The Inconspicuous Codis/Redis cluster CrossSlot bug

Background — Spot the Bug!

A few months ago I was given a seemingly simple ticket. A downstream team wanted a simple API with the following logic

Request: Given a list of userIDs

Response: Find the number of conversations by these users with at least 1 unread message

We currently store the data of the unread messages in a redis sorted set with the following schema

╔══════════════════╦═════════════════════════╦════════════════╗
║ Key ║ Value ║ Type ║
╠══════════════════╬═════════════════════════╬════════════════╣
║ user_id{USER_ID} ║ {convo_id1, convo_id2…} ║ Sorted Set (Z) ║
╚══════════════════╩═════════════════════════╩════════════════╝

To answer the query, we can write the following LUA script to retrieve the necessary Data, by inputting the proper key slice into the script

GET_UNREAD_CONV_COUNT_LUA = `
local t = {}
for i, key in ipairs(KEYS) do
table.insert(t, redis.call('ZCARD', key))
end
return t
`

There is currently a bug in the methodology described above. Can you find it?

Hint: Under some circumstances, it will give a wrong answer but under other circumstance, it will work perfectly fine. Review some of the assumptions I had when developing.

create your own GOpher avatar at https://gopherize.me/

In the meantime, let’s discuss about some Distributed Redis Systems:

Codis

Codis is an open-sourced distributed redis system that may be used for storing data that changes frequently and needs to be retrieved quickly & frequently. It is very similar to Redis Clusters but I will use Codis to demonstrate the basics of these distributed redis systems as Codis provides a very pretty front-end to visualise what happens underneath.

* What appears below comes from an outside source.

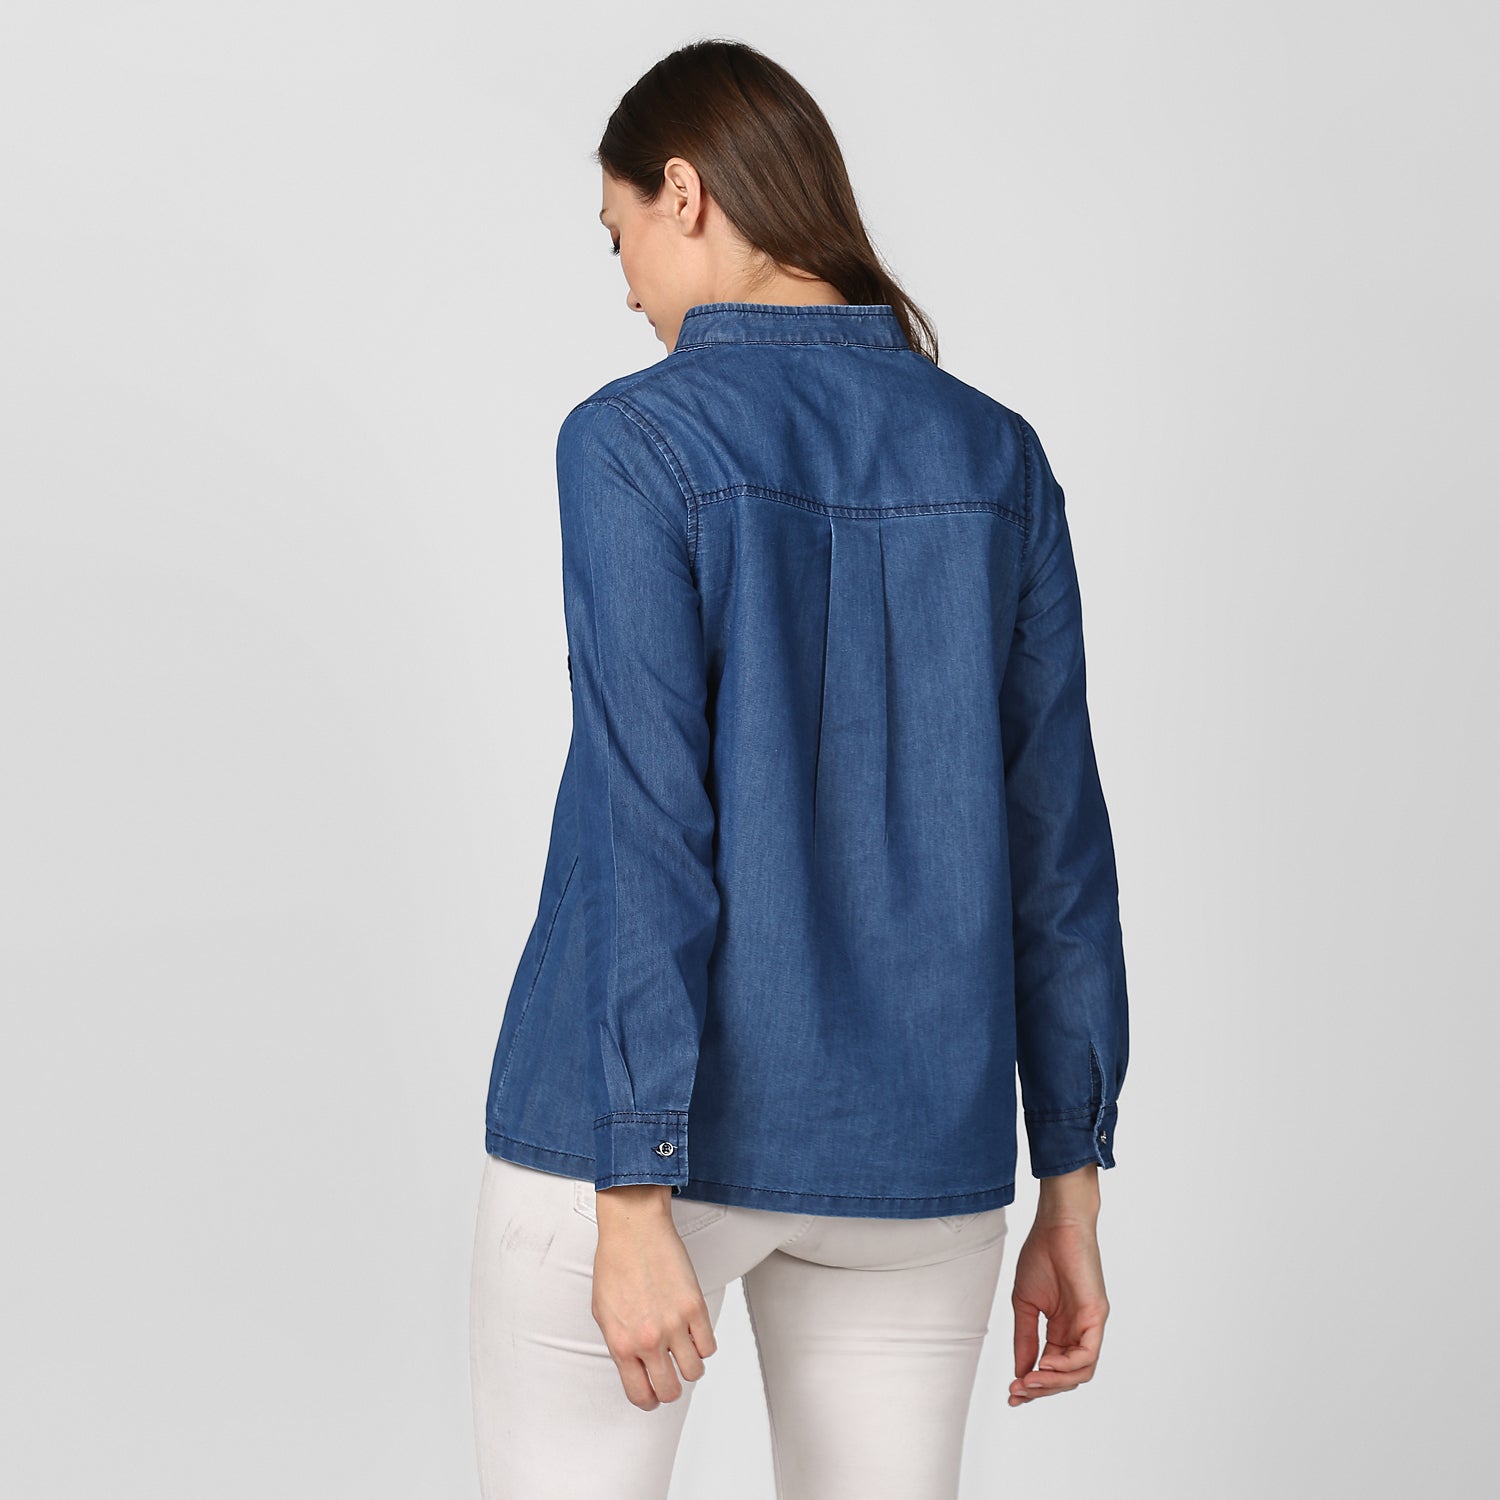 Women's Blue Denim Top cum shirt with striped pocket detail - StyleStone

Architecture of Codis System. We will only be discussing the basics — Codis Groups & Proxies

1. Single Redis Instance

Starting with the basic building block, I’m sure you are all familiar with a single redis instance. If not, here’s all you need to know:

  • Redis implements a in-memory key-value storage. Every value stored on Redis has a corresponding key to access the data
  • It can perform CRUD (create, read, update, delete) operations on the stored data, either directly or via a LUA Script.

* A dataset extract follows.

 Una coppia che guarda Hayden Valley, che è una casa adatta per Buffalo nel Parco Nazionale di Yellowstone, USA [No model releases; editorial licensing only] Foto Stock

However, having a single Redis to handle all requests have limitations on:

  1. Storage Size
  2. Queries able to handle per second (QPS)

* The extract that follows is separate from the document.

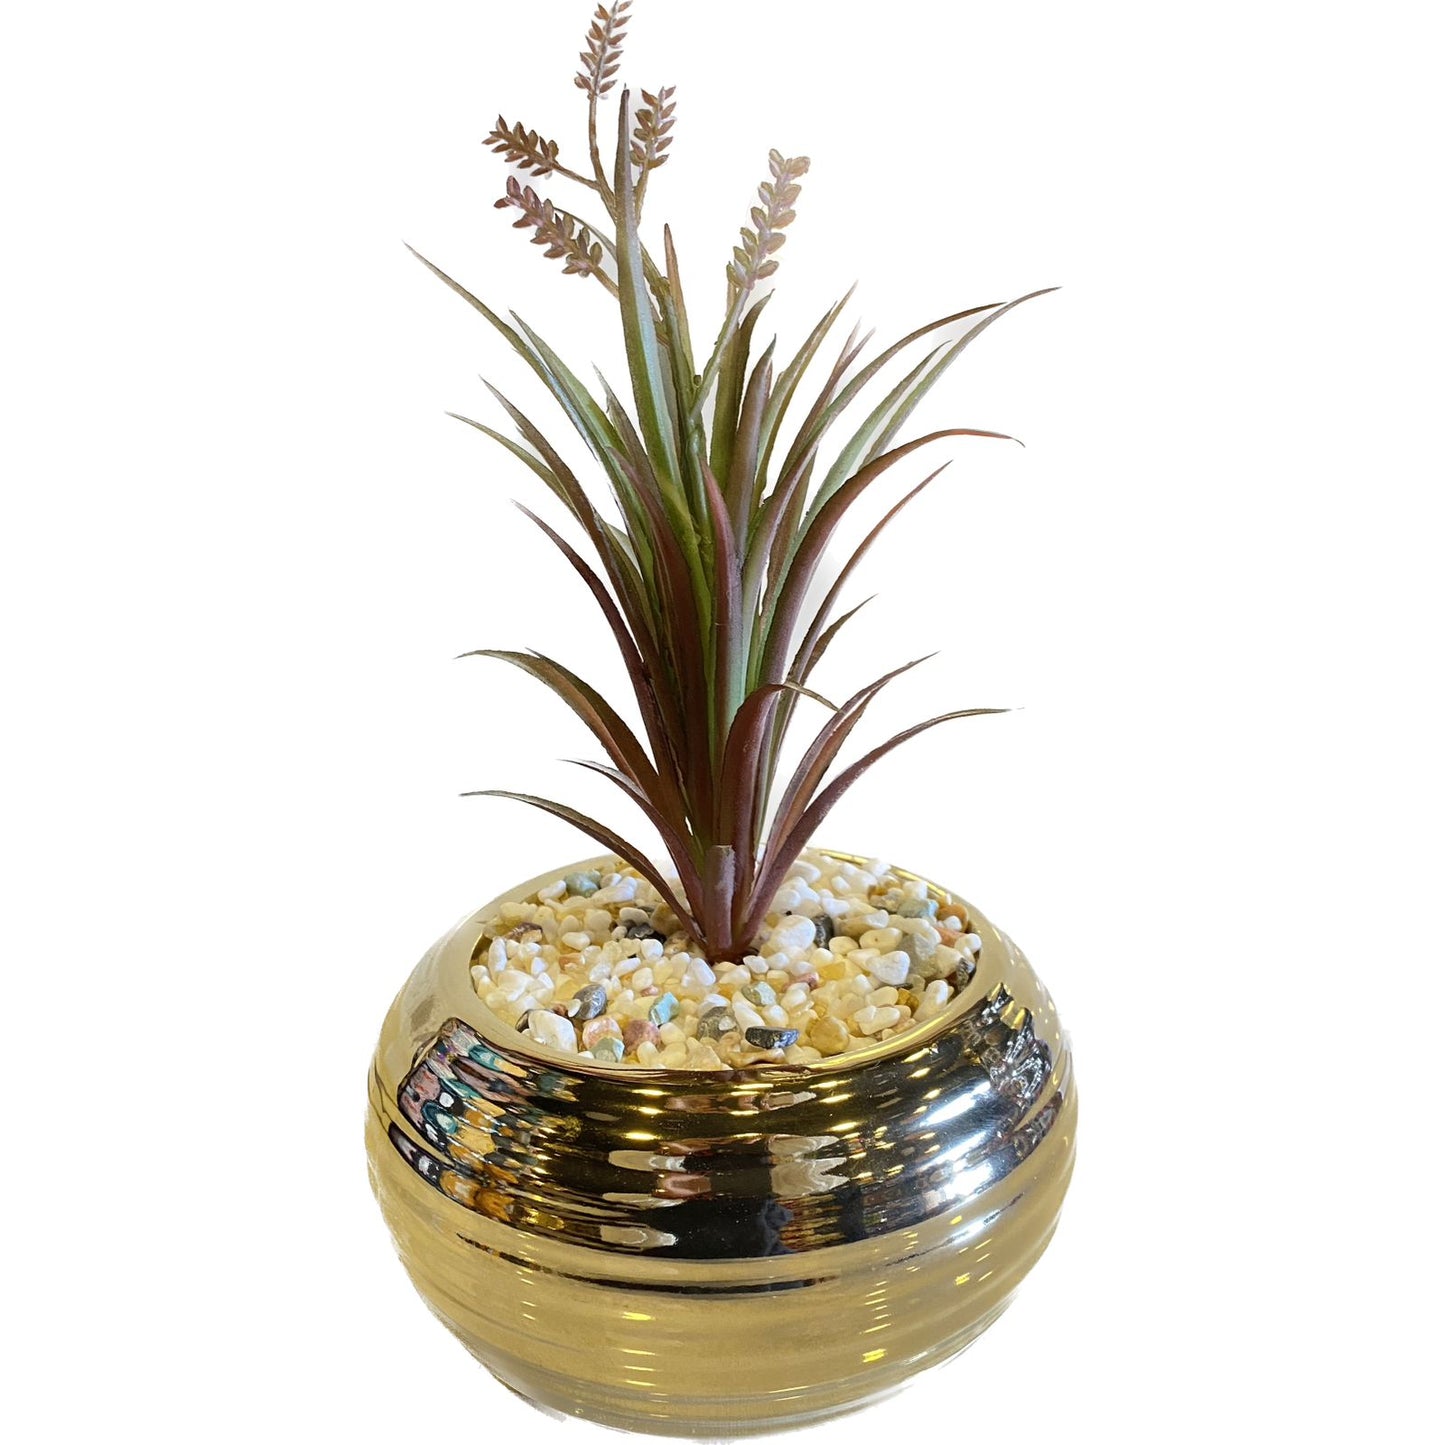 Artificial Decor Plant with Golden Pott

A single instance is able to handle a signifiant amount of load but if we are talking about > 100,000 QPS, we need a way to scale this out.

there is only so much a single server can take ~

2. Improving QPS: Codis-Group

Typically, a normal application will have significantly more read operations than writes. To improve the QPS of these, we can perform Master-Slave Replication by create one or more Slaves that helps the master handle Read-only operations.

give your Redis a BFF, perform master-slave replication

To maintain consistency with the Master, the master Redis will continuously push changes to the data to the Slave to be updated. This mechanism however, does not guarantee strong consistency between the Master and Slave. This was intentionally done to maintain the lowest possible latency for every operation, which is the original design consideration of Redis.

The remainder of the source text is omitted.